NLP Scorer Module APIs

class smjsindustry.NLPScorer(role: str, instance_count: int, instance_type: str, volume_size_in_gb: int = 30, volume_kms_key: Optional[str] = None, output_kms_key: Optional[str] = None, max_runtime_in_seconds: Optional[int] = None, sagemaker_session: Optional[sagemaker.session.Session] = None, tags: Optional[List[Dict[str, str]]] = None, network_config: Optional[sagemaker.network.NetworkConfig] = None)

Bases: smjsindustry.finance.processor.FinanceProcessor

Calculates NLP scores for text using default or user-provided word lists.

Text that contains many words and phrases that are related to the provided word lists will receive high scores while text that is unrelated will score lower.
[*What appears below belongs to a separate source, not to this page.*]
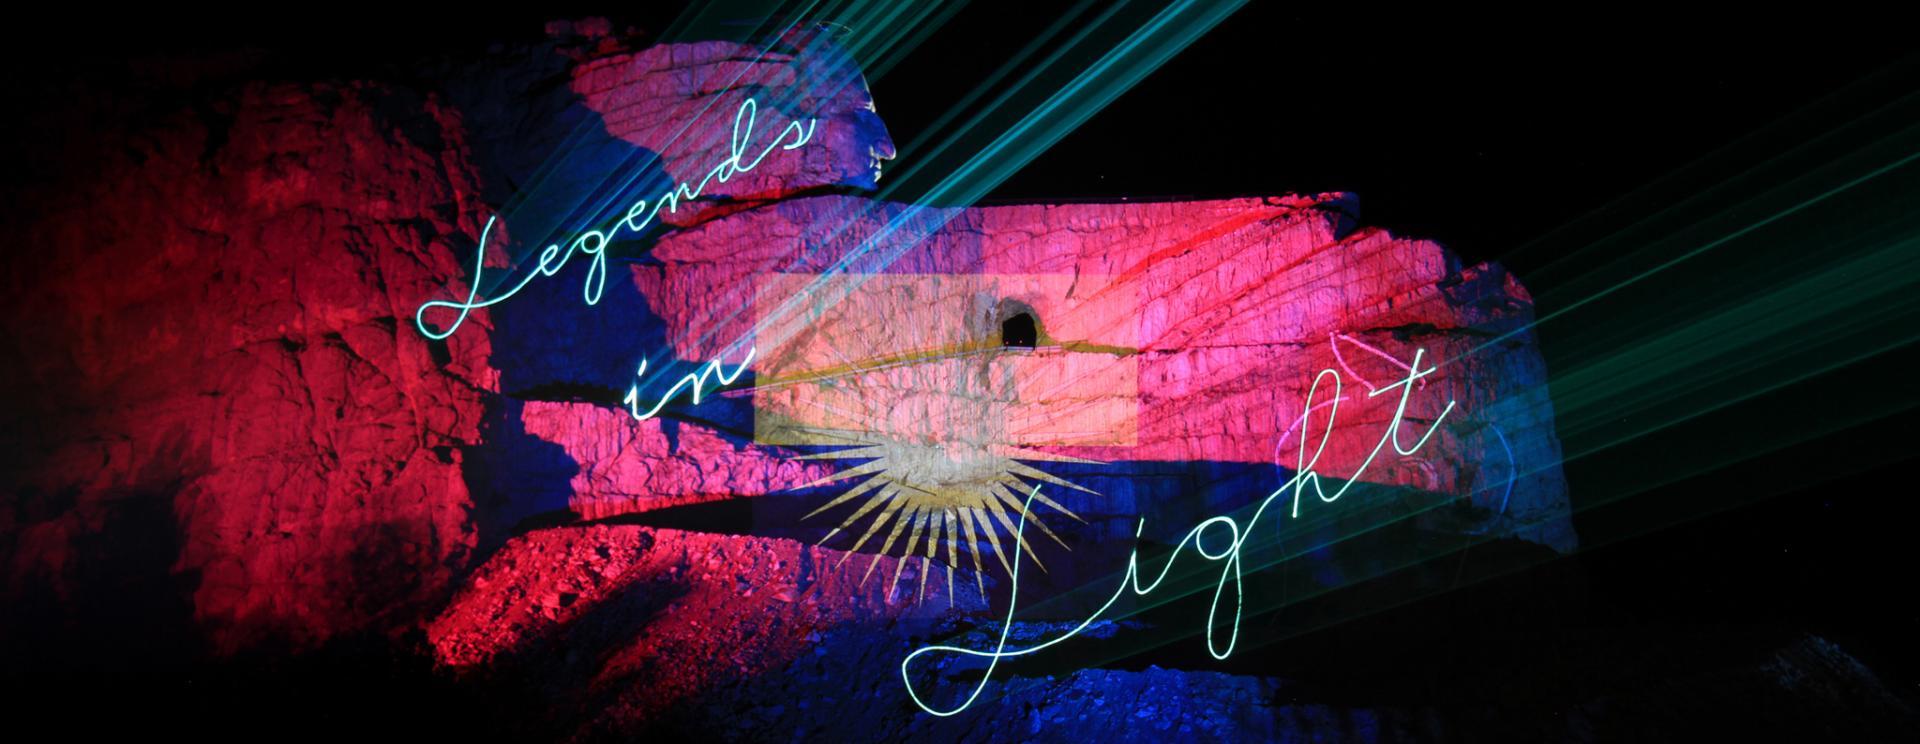 Legends in Light   Crazy Horse Memorial

The NLP scores report the percentage of words in a document that match a list of words, which is called a lexicon. The matching is undertaken after stemming of the document and the lexicon. NLP scoring of sentiment is based on the Vader sentiment lexicon. NLP Scoring of readability is based on the Gunning-Fog index.

For the general processing job configuration parameters of this class, see the parameters in the FinanceProcessor class.

calculate(score_config: smjsindustry.finance.processor_config.NLPScorerConfig, text_column_name: str, input_file_path: str, s3_output_path: str, output_file_name: str, wait: bool = True, logs: bool = True)

Runs a processing job to generate NLP scores for input text.

Parameters
  • score_config (NLPScorerConfig) – The config for the NLP scorer.

  • text_column_name (str) – The name for column containing text to be summarized.

  • input_file_path (str) – The input file path pointing to the input dataframe containing the text to be summarized. It can be a local path or an S3 path.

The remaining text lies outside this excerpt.